___ Supplied entries

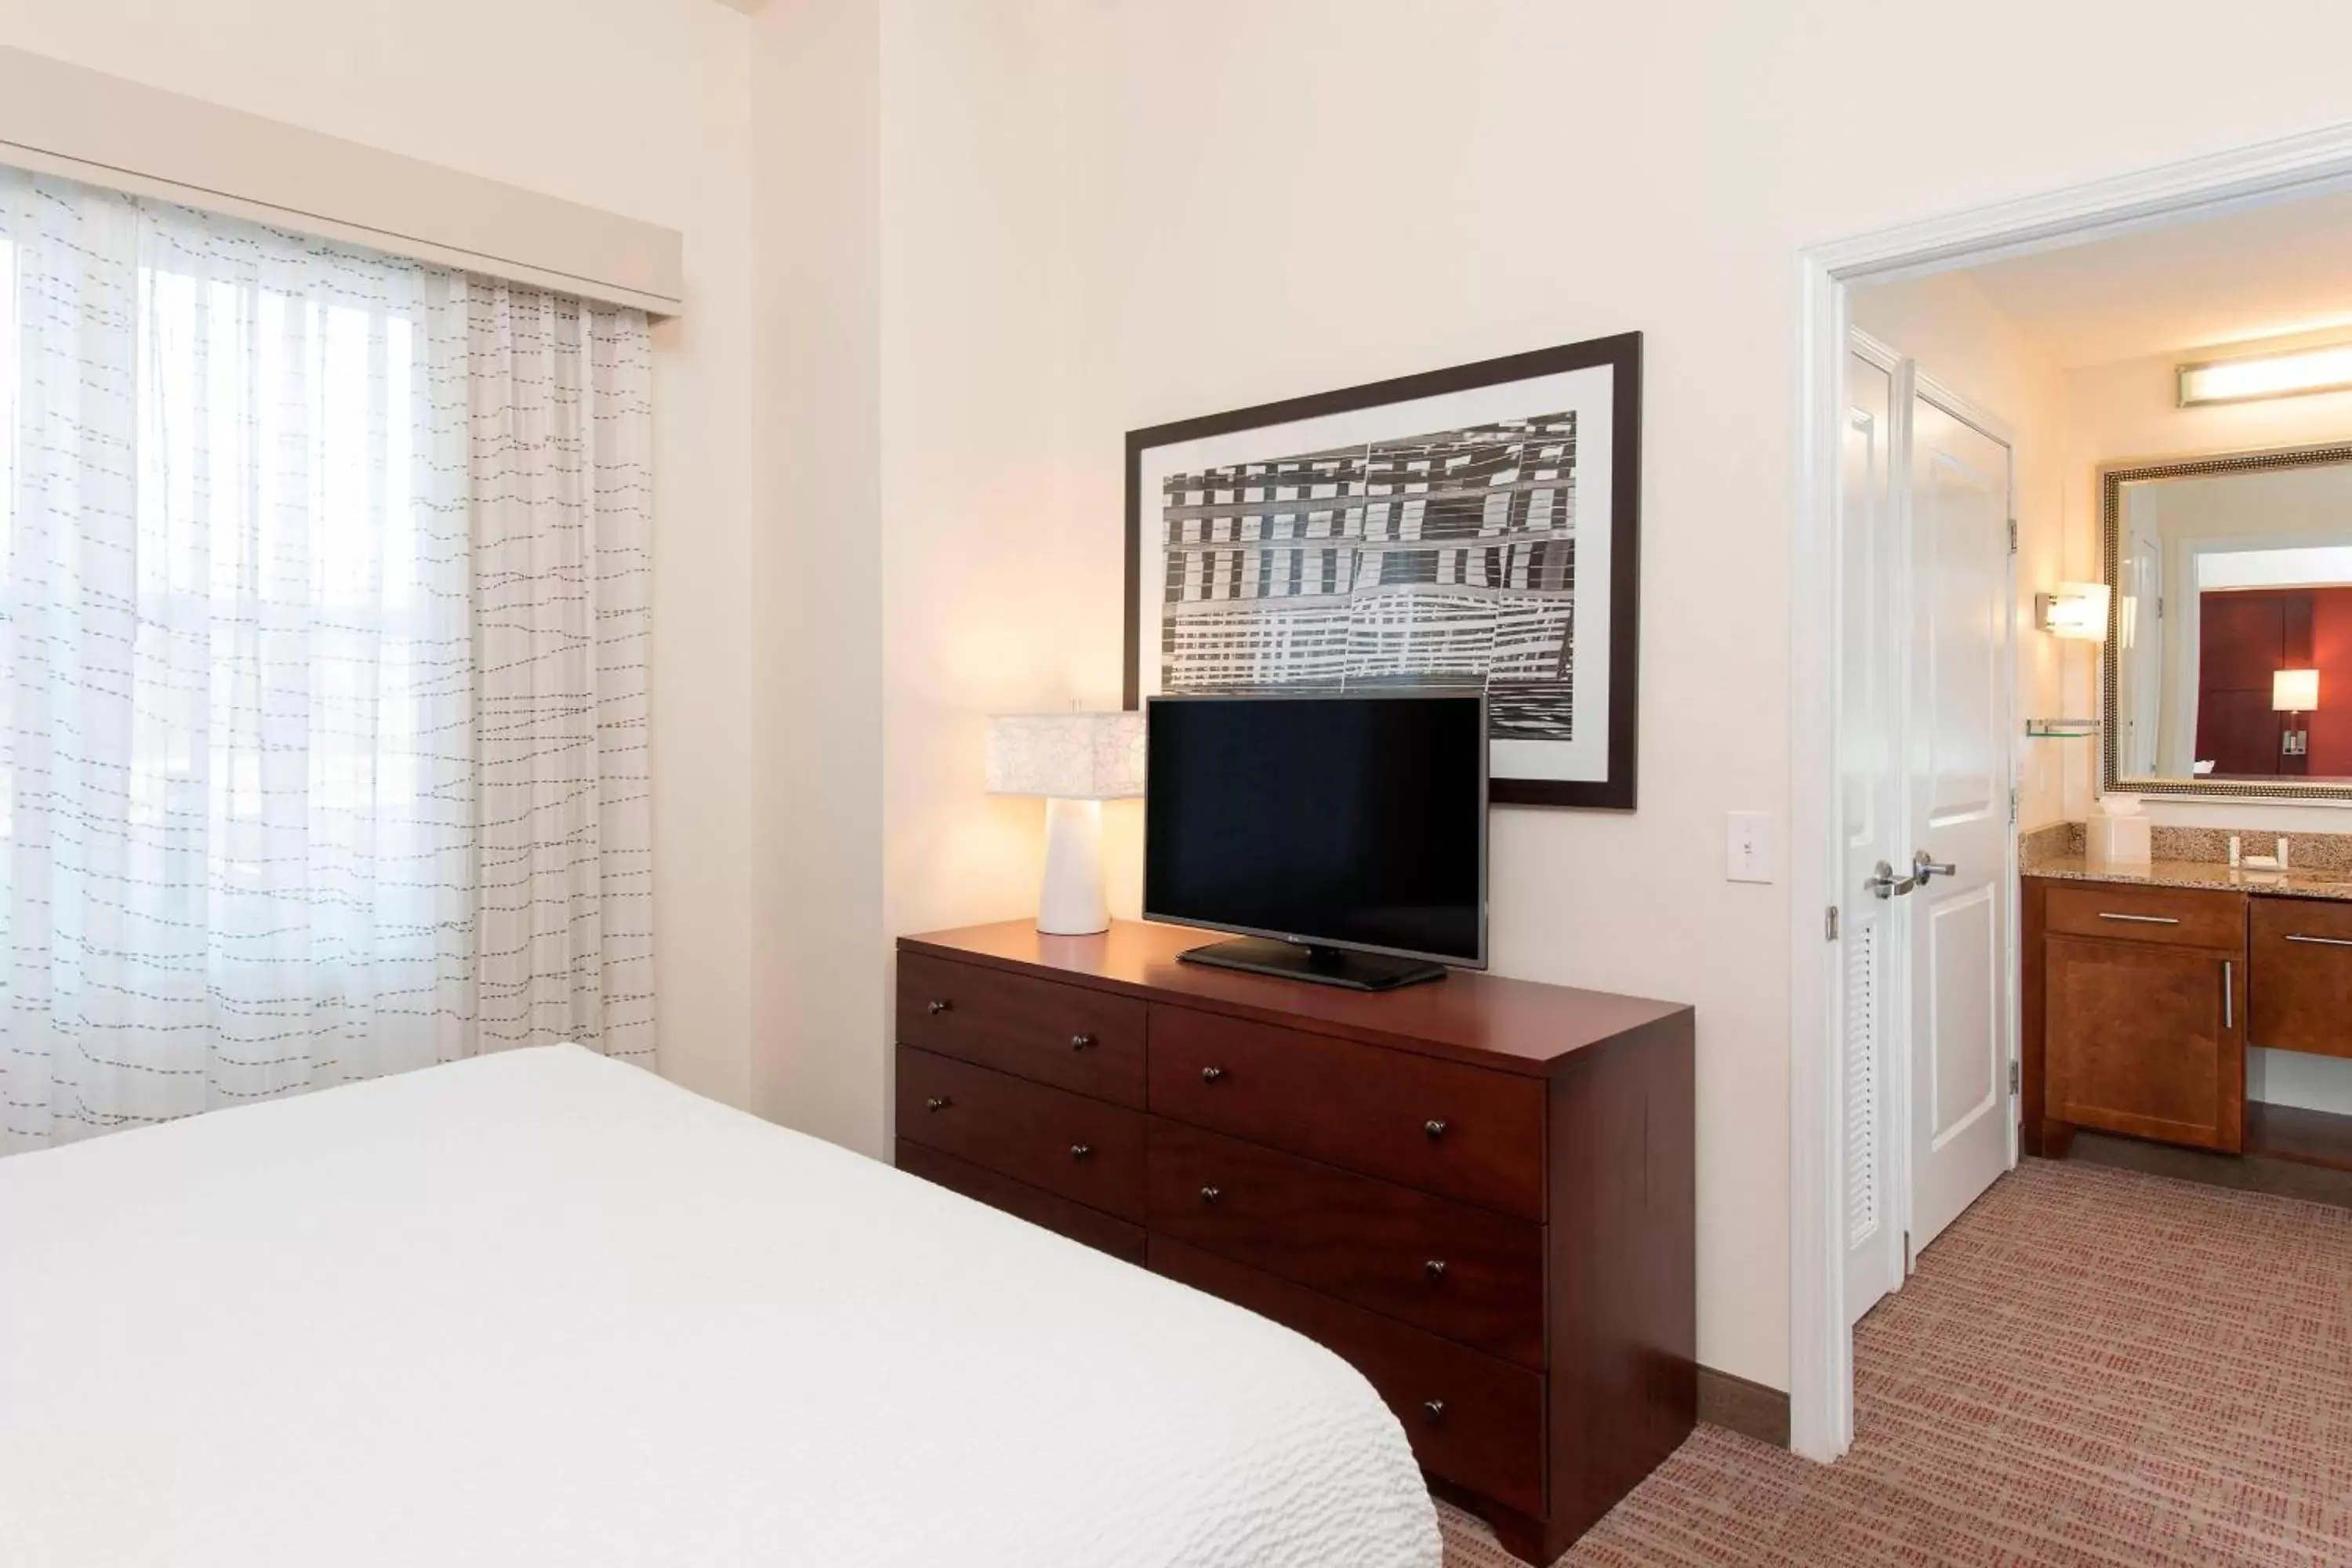 Bedroom, TV/Entertainment Center in Residence Inn Moline Quad Cities
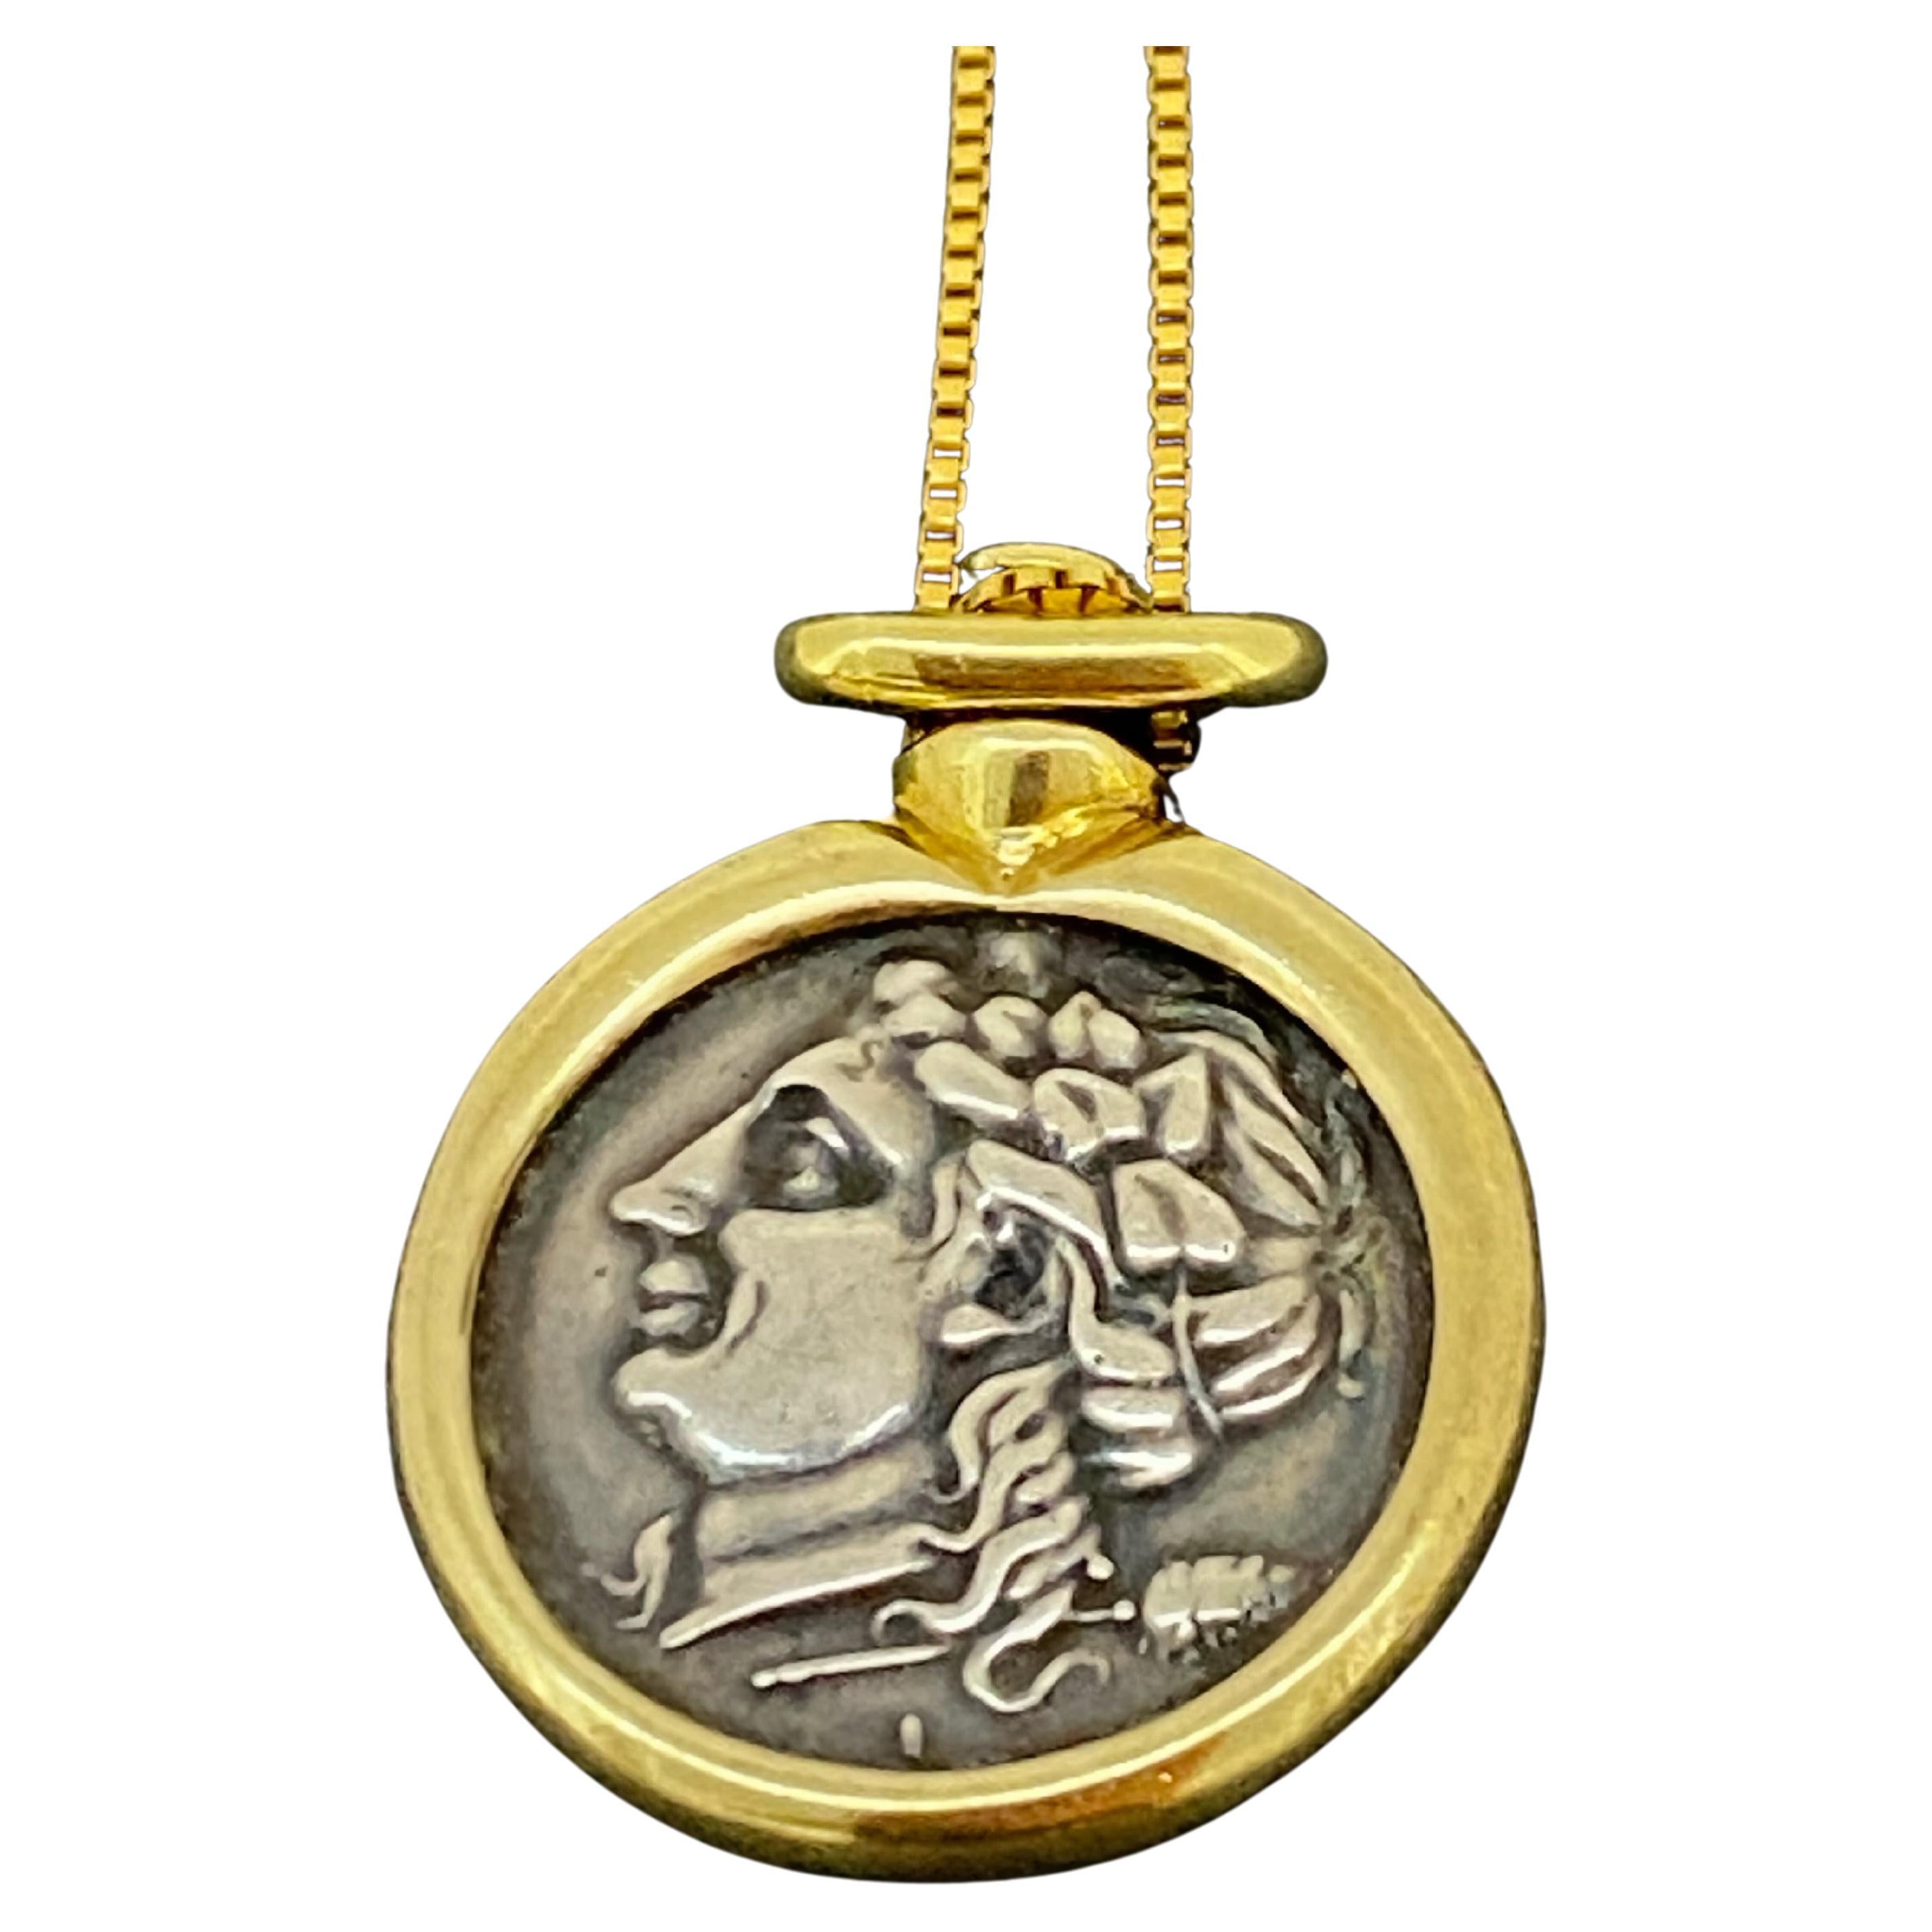 Ce pendentif vintage en or jaune 18 carats bicolore
est conçu comme une pièce de monnaie de la Grèce antique, 
représentant Hercule - 
Équivalent romain du héros divin grec Héraclès 
(célèbre pour sa force et ses aventures lointaines), 

entouré

______

→ **What you are asked to do**:
Those lines from the one with "Équivalent romain du" through the last line of the material above are to be retyped exactly, with nothing else.

→ **Task answer**:
Équivalent romain du héros divin grec Héraclès 
(célèbre pour sa force et ses aventures lointaines), 

entouré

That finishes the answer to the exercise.